Thinking about this more, I think we do want to move this to inside pumpLexer.  We'd need a more complicated test which caused the parser to pause due to script loads to see any difference.

I think the old code reported the wrong source since when the parser resumed it would report an empty SegmentedString to the inspector.
Comment 4 Adam Barth 2010-06-10 10:16:37 PDT
Comment on attachment 58359 [details]
Patch

http://wkrietveld.appspot.com/40417/diff/1/3
File WebCore/html/HTML5Tokenizer.cpp (right):

http://wkrietveld.appspot.com/40417/diff/1/3#newcode160
WebCore/html/HTML5Tokenizer.cpp:160: willWriteHTML(source);
Are we supposed to call this when appendData is true?  If so, why don't we call when write() is nested and appendData is true?
Comment 5 Eric Seidel (no email) 2010-06-10 11:16:43 PDT
I think we're supposed to call this in pumpLexer.  The question is what SegementedString we're supposed to pass it then.

The old tokenizer used write() as the pump lexer, basically.  I also think that even in the old system this code commonly got strange results for the SegementedString.
Comment 6 Eric Seidel (no email) 2010-06-10 18:25:02 PDT
Created attachment 58431 [details]
Another wip patch
Comment 7 Eric Seidel (no email) 2010-06-10 18:28:37 PDT
This current WIP causes this diff:

--- /tmp/layout-test-results/inspector/timeline-script-tag-1-expected.txt	2010-06-10 18:18:48.000000000 -0700
+++ /tmp/layout-test-results/inspector/timeline-script-tag-1-actual.txt	2010-06-10 18:18:48.000000000 -0700
@@ -1,6 +1,7 @@
 Tests the Timeline API instrumentation of an HTML script tag.
 
 ParseHTML
+ParseHTML
 ----> EvaluateScript
 --------> MarkTimeline : SCRIPT TAG
 EvaluateScript Properties:
@@ -16,4 +17,5 @@
     usedHeapSize : <number>
     totalHeapSize : <number>
 }
+ParseHTML
 

I think we could avoid that by changing the pump loop into a do {} while, and having it check to see if we have any tokens to process before we inform the timeline agent.

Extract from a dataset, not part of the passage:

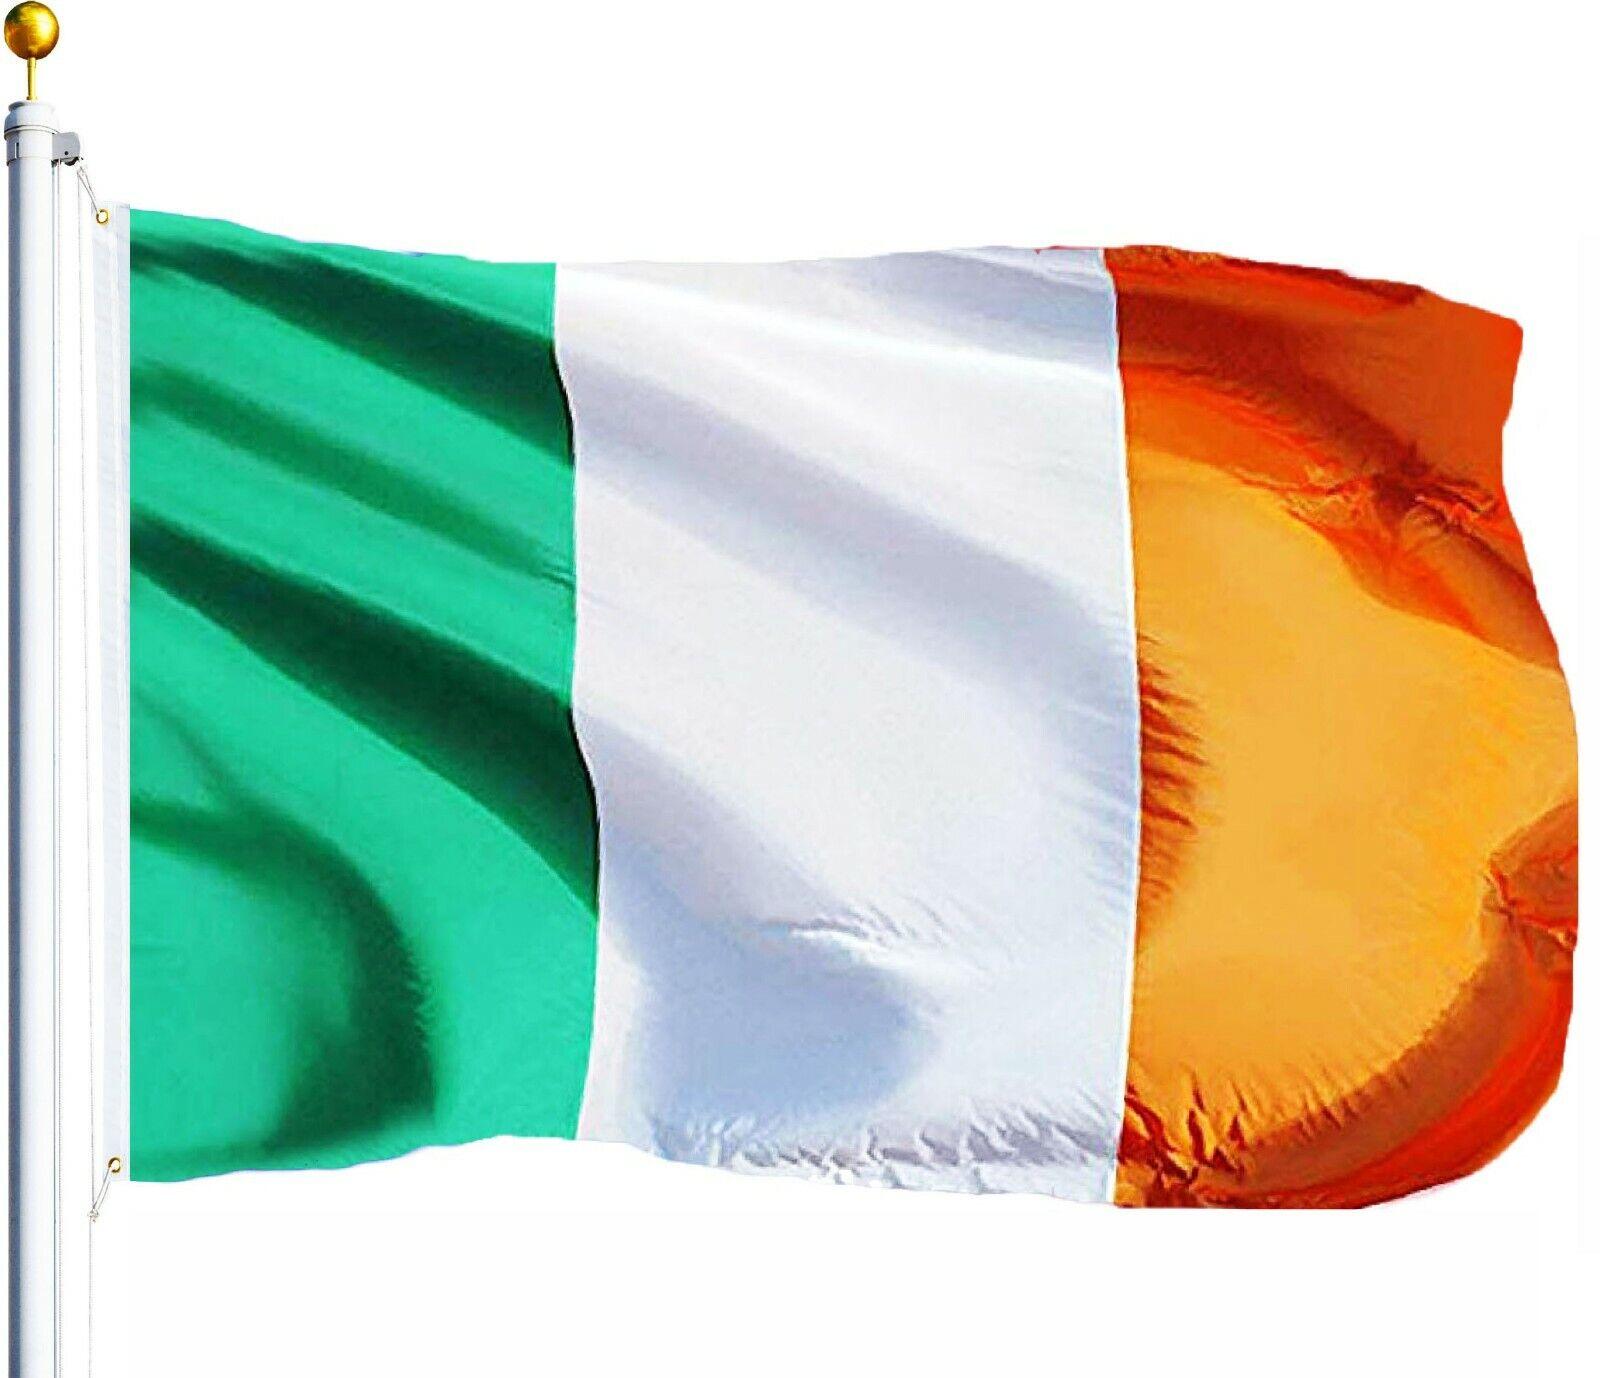 3X5 Ireland Flag 3'x5' Irish FLAG BANNER USA SELLER

Then again, I'm still not really sure what the InspectorTimelineAgent is looking for here.  CCing some inspector folks.
Comment 8 James Robinson 2010-06-11 13:16:58 PDT
The intent is to bracket HTML processing (initiated from the network or document.write() or .innerHTML) with willwrite/didwrite calls so that something reasonable can be placed on the timeline.  The string itself is just used for char count, which is supposed to be the number of characters processed but I'm pretty sure it's buggy in some cases due to pause/resumes.  The char count is of marginal utility anyway - the important bit is having some way for the developer looking at the timeline to know what piece of HTML was being processed if it ended up taking a long time.
Comment 9 Eric Seidel (no email) 2010-06-11 14:05:27 PDT
I talked with James on #webkit.  He agrees we should give the inspector information about every pump and it should ignore any 0-length pumps, etc.  So the current patch is correct.  I'll upload a copy with more comments/explanation.

James and I also discussed that eventually the inspector should move the charCount from willWrite to didWrite at which time the HTML5Lexer could provide exact numbers of how many chars it processed in that pump, instead of the current number which is always the count of how many chars it has left in its buffer.  The old Tokenizer always provided the number of chars passed to write() which was 0 in the case of parser resumes.  So both are wrong in different ways with the current behavior of passing the charCount to willWrite() instead of didWrite().  But that's a separate issue. :)
Comment 10 Eric Seidel (no email) 2010-06-11 15:16:30 PDT
Created attachment 58512 [details]
Updated after conversation with James, ready for review
Comment 11 Adam Barth 2010-06-11 15:39:20 PDT
Comment on attachment 58512 [details]
Updated after conversation with James, ready for review

okiedokes
Comment 12 WebKit Commit Bot 2010-06-12 00:23:29 PDT
Comment on attachment 58512 [details]
Updated after conversation with James, ready for review

Clearing flags on attachment: 58512

Committed r61055: <http://trac.webkit.org/changeset/61055>
Comment 13 WebKit Commit Bot 2010-06-12 00:23:37 PDT
All reviewed patches have been landed.  Closing bug.